You don’t have to fit your test set directly in order to leak information to your models. There is an inherit bias that the analyst/scientist/engineer imparts on his/her models, and by making repeated decisions based on hold-out performance, you inflate the personal bias you impose.

You might end up acheiving outstanding performance on your test set, but your model will likely not generalize well to the new data it sees once you deploy it.

Why does this happen?

I have several hypotheses for why I see this practice so much:

1. Academic settings don’t emphasize the model lifecycle

In most academic settings, machine learning problems begin and end with achieving the best model possible on the provided test set. Naturally, if you’re already provided said holdout set, you’re more tempted to p-hack, and budding data scientists don’t learn to consider that the model will have to make decisions on future data that does not have corresponding labels.

2. People misunderstand the purpose of cross-validation

For such a well-documented concept, few things in ML share the level of misunderstanding that CV suffers. Lots of folks use it interchangeably with train/test splits, and yet others seem to assume that if a model is fit with cross-validation, it’s impervious to the perils of overfitting.

Neither is true, and as a result, CV isn’t used to its full potential.

How can we avoid it?

Avoiding data dredging is more simple that you might think. The answer, as with most things in machine learning, is cross validation! We can approach this several ways.

Benchmark a model with cross_val_score

You typically don’t go straight into a grid search. First, you try several models. Scikit allows us to fit a model in the context of cross validation and examine the fold scores. This is useful for determining whether a model will perform in the ballpark of business requirements before a lengthy tuning process:

1
2
3
4
5
6
7
8
9
10
from sklearn.model_selection import cross_val_score
from sklearn.model_selection import KFold

# Set our CV seed
cv = KFold(n_splits=3, random_state=0, shuffle=True)

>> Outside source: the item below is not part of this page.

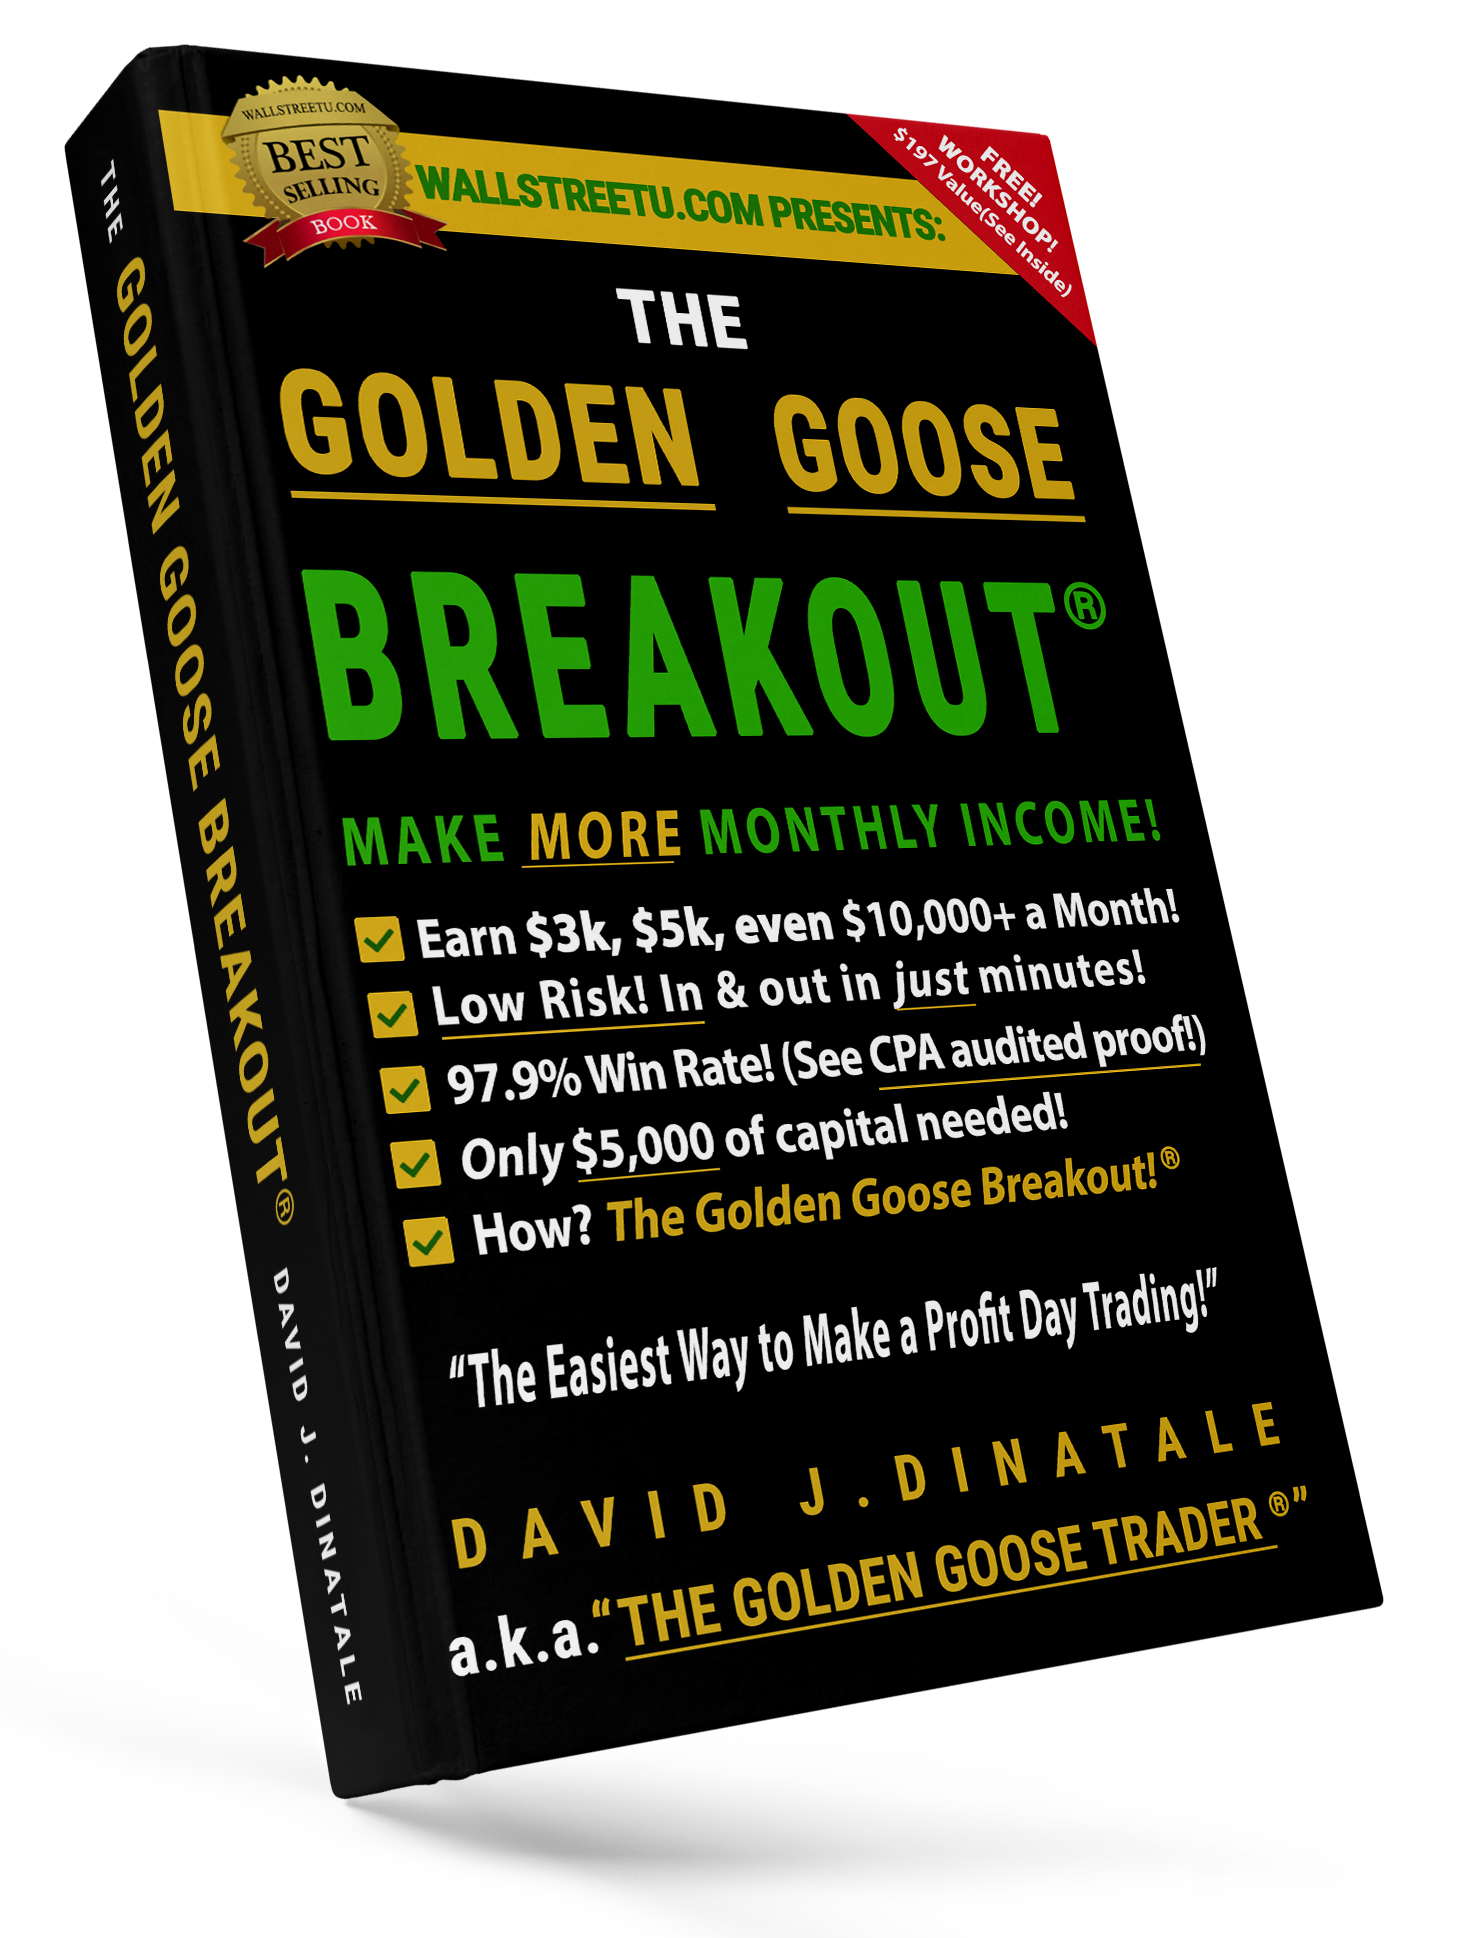 The Golden Goose Breakout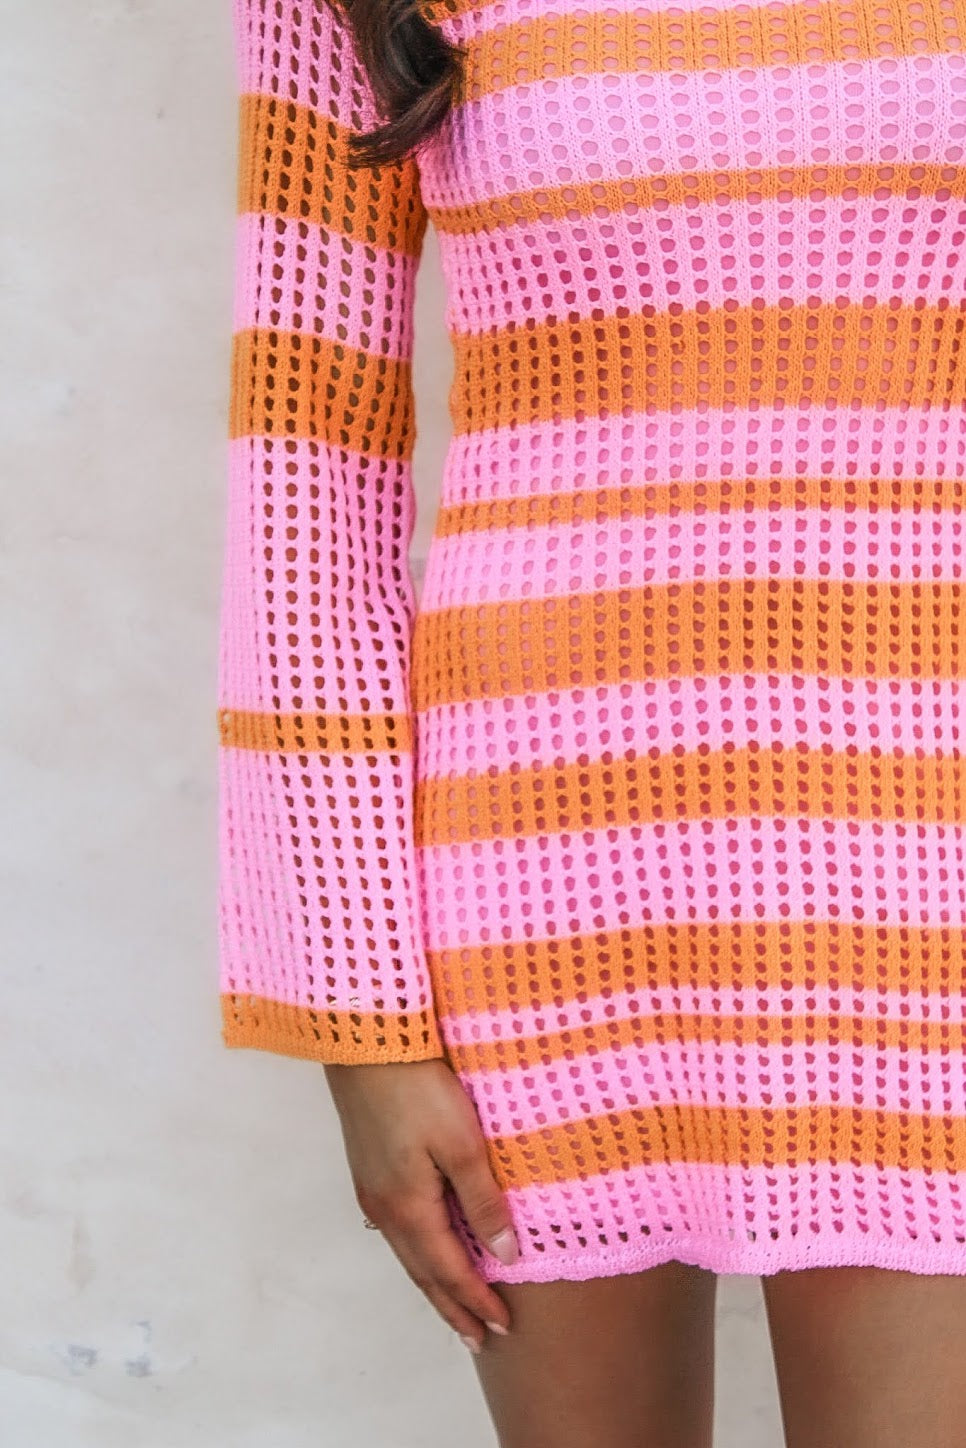 Piper Striped Crochet Dress

# Fit and score a model in CV:
cross_val_score(GradientBoostingRegressor(random_state=42),
                X_train, y_train, cv=cv, scoring='neg_mean_squared_error')
# Returns: array([ -7.62352454, -15.10931642, -16.47872053])

If your model needs to perform at, say, an MSE of <= 15 (for the arbitrary sake of argument), you might feel confident that you could tune a model that will perform to standards. However, if you need to achieve, say, <= 5, you may need to select a different model family or tune your hyper parameters significantly.

If you’ve already fit your search, it’s even easier. Scikit allows us to extract the cross validation scores from a grid search without us having to touch the test set:

1
2
3
4
5
6
7
import pandas as pd

pd.DataFrame(search.cv_results_)\
  .sort_values('mean_test_score',
               # descend since neg MSE
               ascending=False)\
  .head()

This gives us a pandas frame from which we ascertain the CV scores for each fold, the parameters that contribute to the highest scores, and other valuable information:

  split0_test_score split1_test_score split2_test_score params
14 -9.779118 -36.088421 -11.244133 {‘learning_rate’: 0.01, ‘max_depth’: 7, ‘min_s…
2 -13.972549 -38.821430 -15.160443 {‘learning_rate’: 0.009052631578947368, ‘max_d…
13 -14.944225 -39.504609 -15.895012 {‘learning_rate’: 0.0062105263157894745, ‘max_…

Closing thoughts

You need to be careful about introducing your test set to the mix of things. The test set is generally intended to aid in model selection, and should be introduced as a selection technique after competing models have been tuned.

Rather that using your test set to gauge generalizability, use cross-validation to make informed decisions about how to further tune a model’s parameters. The full code for this example is located in the code folder.